» DATA BLOCK:
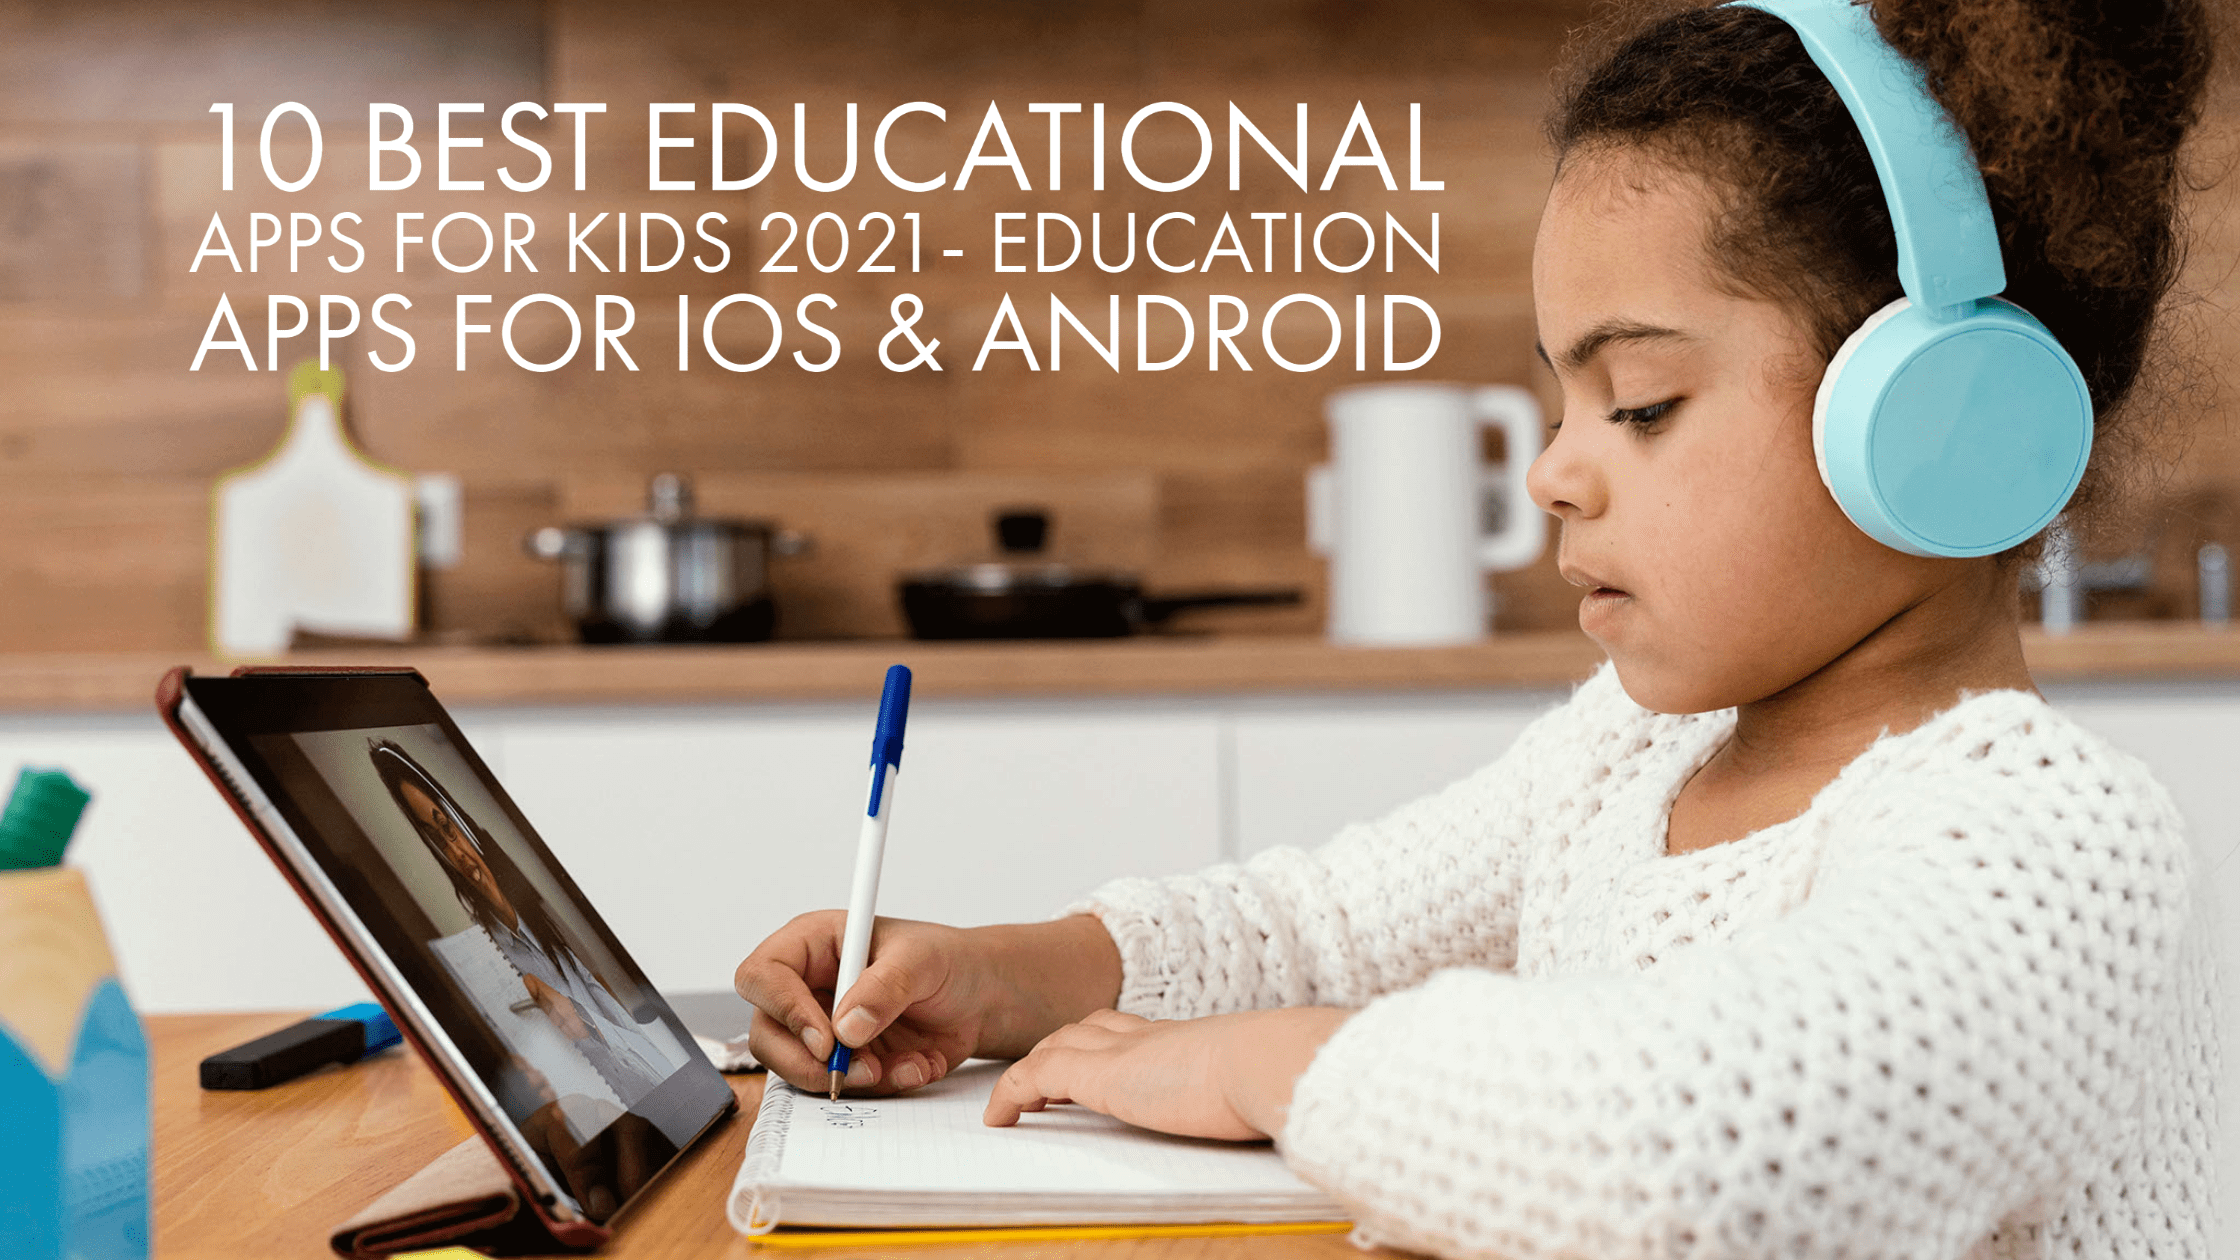 10 best educational apps for kids in 2021
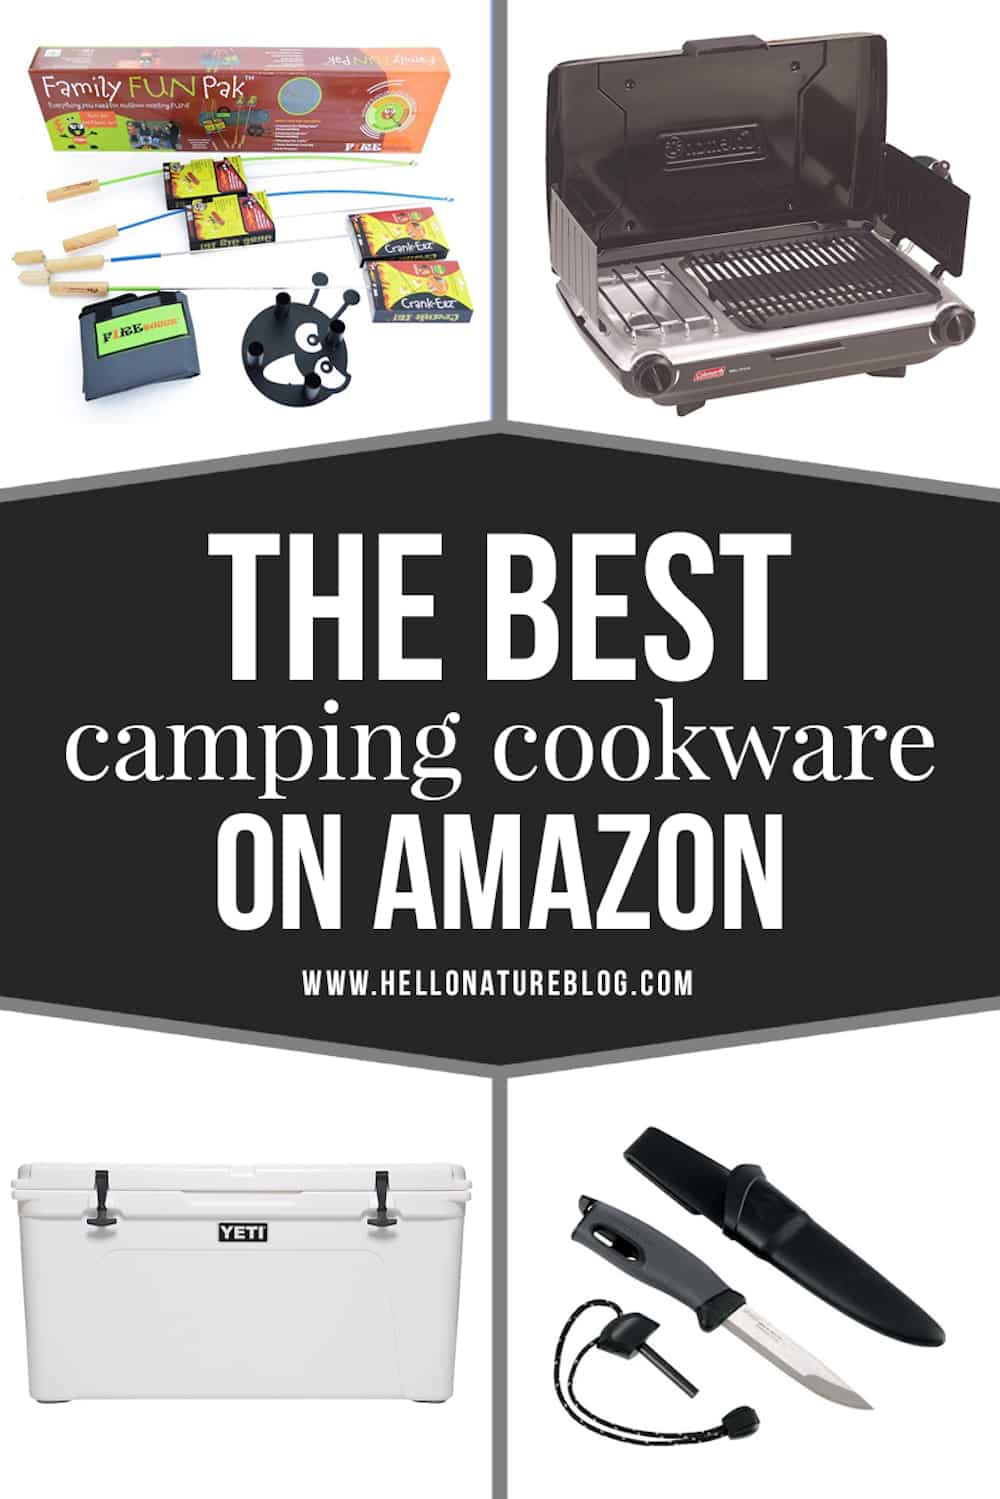 Lifestyle and Travel Blogger Ashley from Hello Nature is sharing the best camping cookware on Amazon. You'll have some awesome easy camping food on your next family camping trip.
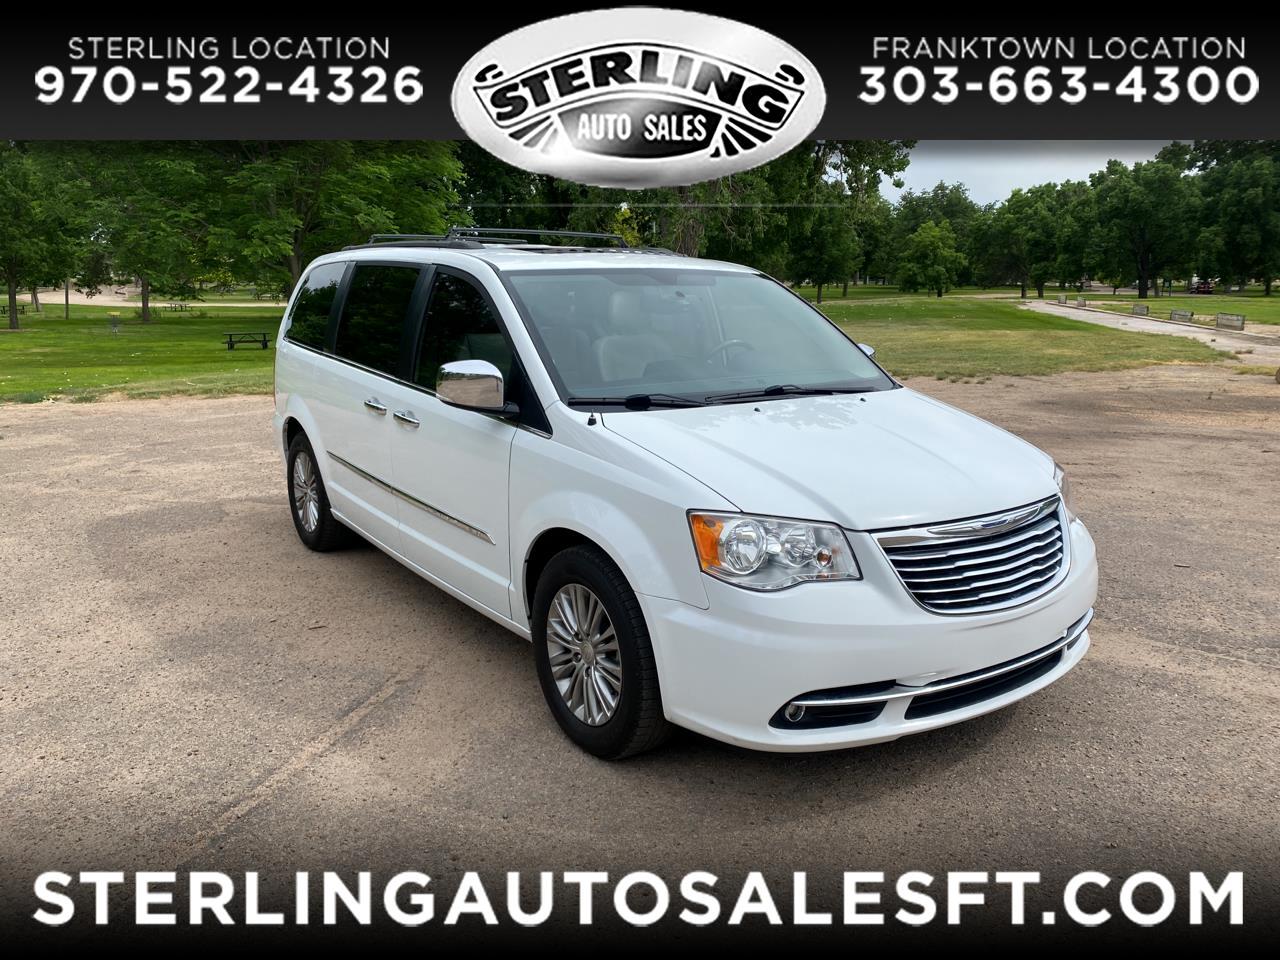 Chrysler Town & Country 3dr Wgn 113" WB LX FWD 2016

» TASK TO CARRY OUT: Write the material out again exactly as it appears, dropping the pictures.

» WRITTEN SOLUTION:
 10 best educational apps for kids in 2021
 Lifestyle and Travel Blogger Ashley from Hello Nature is sharing the best camping cookware on Amazon. You'll have some awesome easy camping food on your next family camping trip.
 Chrysler Town & Country 3dr Wgn 113" WB LX FWD 2016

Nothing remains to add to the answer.